Конечно, взгляды Делеза, изложенные в "Логике смысла", трудно разделить (а иногда и просто понять) психологу, далекому от структурно-аналитической парадигмы рассмотрения сознания как системы вторичных механизмов, надстраивающихся над бессознательным субъекта, а его самого – как структурированную символическим порядком "точку говорения", место (инстанцию), из которой производится речь. Однако в своей следующей работе, написанной совместно с Ф.Гваттари (90), Делез высказывает еще более необычную теорию субъекта и свойственных ему способов конституирования собственной реальности.

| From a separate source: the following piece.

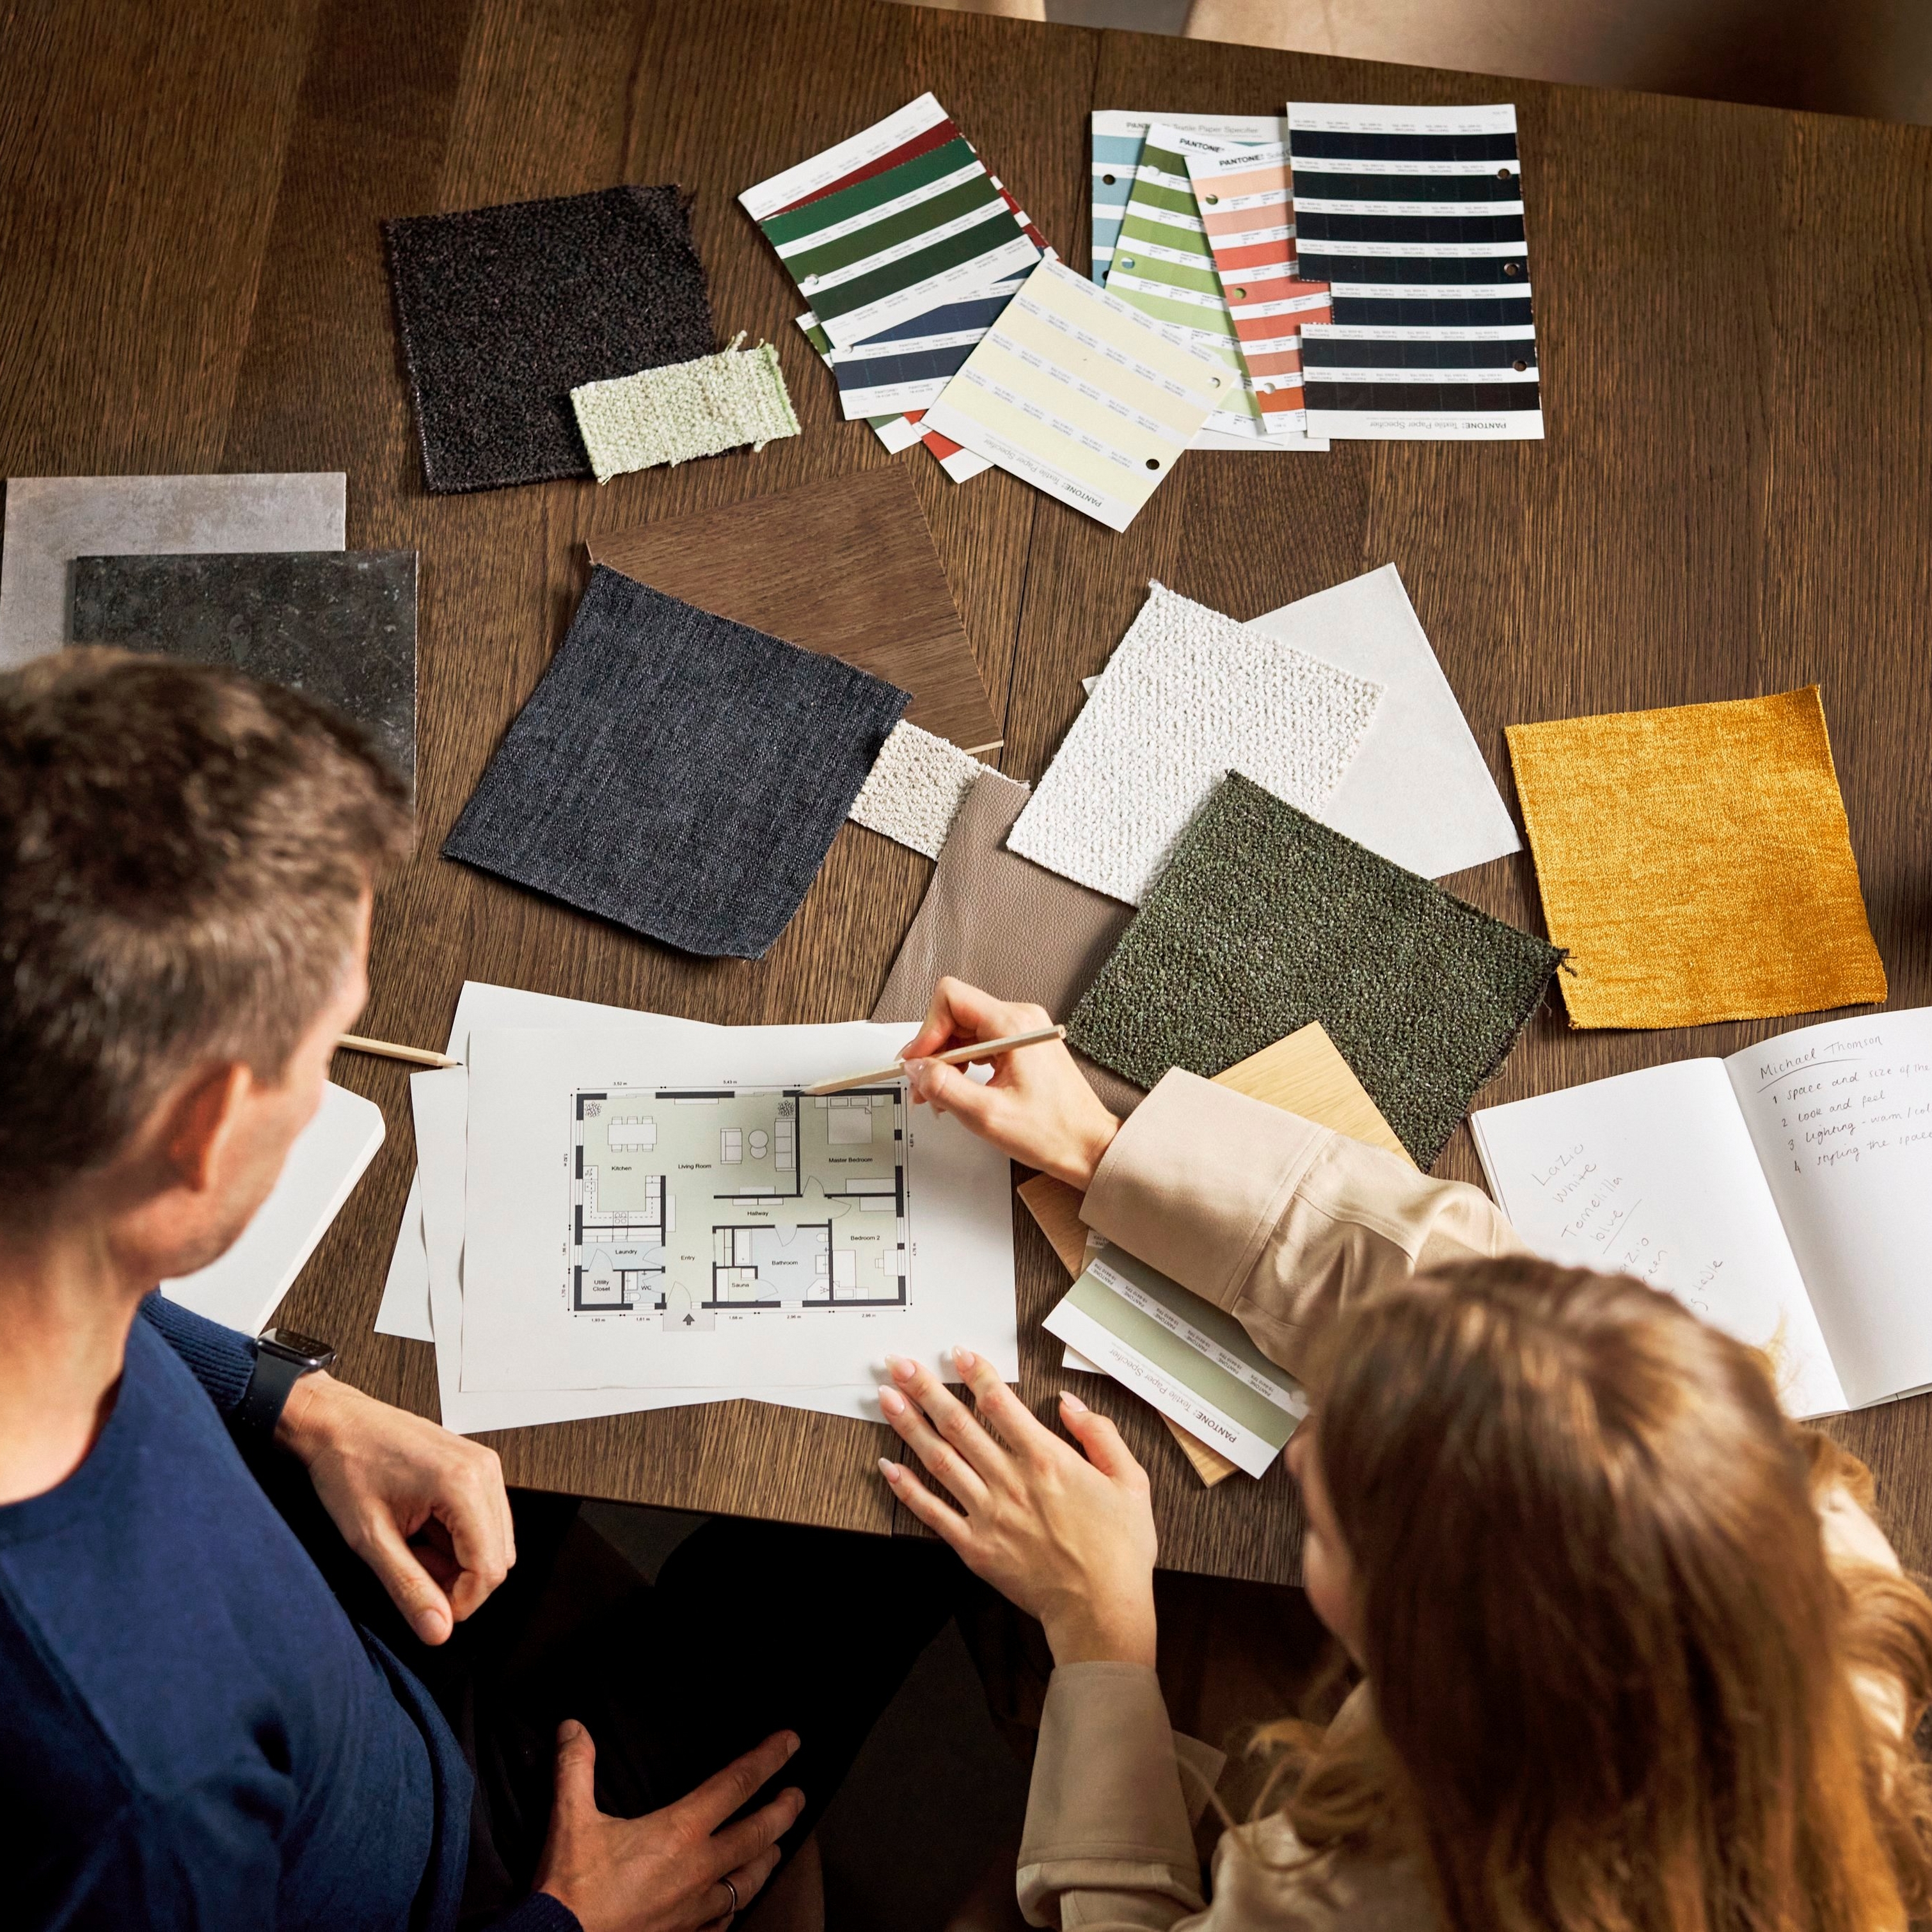 Two individuals reviewing a floor plan amid various fabric swatches on a wooden table.

"Анти-Эдип" Делеза и Гваттари, имеющий характерный подзаголовок "Капитализм и шизофрения", является классическим образцом маргинального
текста, который медленно внедряется в пространство нового, с большим трудом дающегося способа чтения. Как и большинство шедевров постмодерна, таких, как "Ризома" или "Тысяча плоскостей" тех же авторов, "Транспарентность Зла" Ж.Бодрийяра, "Тюрьма языка" Ф.Джеймисона или "Отсутствующая структура" У.Эко, "Анти-Эдип" трудно отнести к сугубо философским, психологическим, семиотическим или социологическим работам. Вряд ли разрабатываемая Делезом и Гваттари процедура шизоанализа укладывается в модную некогда нозологическую клеточку "фрейдо-марксизма". В настоящей книге, окормляемой психолингвистическими и структурно-семиотическими рамками, "Анти-Эдип" удобно рассматривать в качестве фундаментального структурно-аналитического исследования желания.Категория желания
является одной из базовых в постмодернистском дискурсе; это понятие трактуется больше в лакановском, а не фрейдистском духе, как желание реального, о котором субъект ничего не знает. Желание бессознательно, это нечто, отчуждаемое от потребности вытеснением, оно не может выразиться в запросе, обращенном к другому человеку. "Феноменологии, развивающейся на базе аналитического опыта, свойственно вскрывать в желании парадоксальный, девиантный, неустойчивый, эксцентрический характер, отличающий желание от потребности, – пишет Ж.Лакан. – Безусловность запроса желание замещает "абсолютным" условием: в такое условие разрешается то, что в доказательстве любви не признавало удовлетворения потребности. И поэтому желание не аппетит к удовлетворению, не запрос любви, но разность от вычитания первого из второго, собственно, феномен их раскола (Spaltung)" (36, с.143). В таком понимании желание выступает как важнейший детерминирующий фактор по отношению к дискурсу, поскольку, чтобы быть удовлетворенным, оно должно быть выраженным, признанным в регистре символического или хотя бы воображаемого. Интерсубъективный опыт, в котором желание достигает признания (а в субъекте, соответственно, воцаряется та "толика реальности", которую желание поддерживает по отношению к символическим конфликтам и воображаемым фиксациям) есть опыт речевой, опыт специфически организованных дискурсивных практик.Делез и Гваттари, разделяя постмодернистские представления о субъекте как некотором специфическом индивидуальном паттерне источников и форм активности, образующемся, происходящем, конституирующемся
в ходе определенных процессов, предметом своего исследования сделали способы производства субъективности, выработав для него особый дискурс, одновременно психиатрический и политический, и отказавшись в то же время от примата дискурса над любыми недискурсивными предпосылками языка. Последнее связано с попыткой ускользнуть от того, что они называют диктатом означающего; выразить невыразимое, оставшись за пределами ограничений, накладываемых любыми средствами выражения – вот задача, которую сами авторы декларируют следующим образом: "Означающее? Да оно нам просто ни к чему... Принудительная и исключительная оппозиция означающего и означаемого одержима империализмом означающего, возникающего с появлением машины письма. В таком случае все по праву приводится к букве. Таков закон деспотического перекодирования. Мы имеем здесь следующую гипотезу: означающее – это знак великого Деспота (эпохи письма), который, исчезая, оставляет отмель, разложимую на минимальные элементы и на упорядоченные отношения между ними. Эта гипотеза объясняет тиранический, террористический, кастрирующий характер означающего" (30, с. 402).Иными словами, "Анти-Эдип" есть попытка описать глубинную психическую реальность субъекта с помощью языка, в котором означающее не работает. Бессознательное не означивается ("для нас бессознательное ничего не значит
, равно как и язык"). Для этого авторы используют нечто вроде спинозистской теории языка, в рамках которой потоки, содержание и выражение обходятся без означаемого. Они пытаются выйти за пределы разрыва между субъектом высказываний и субъектом высказываемого.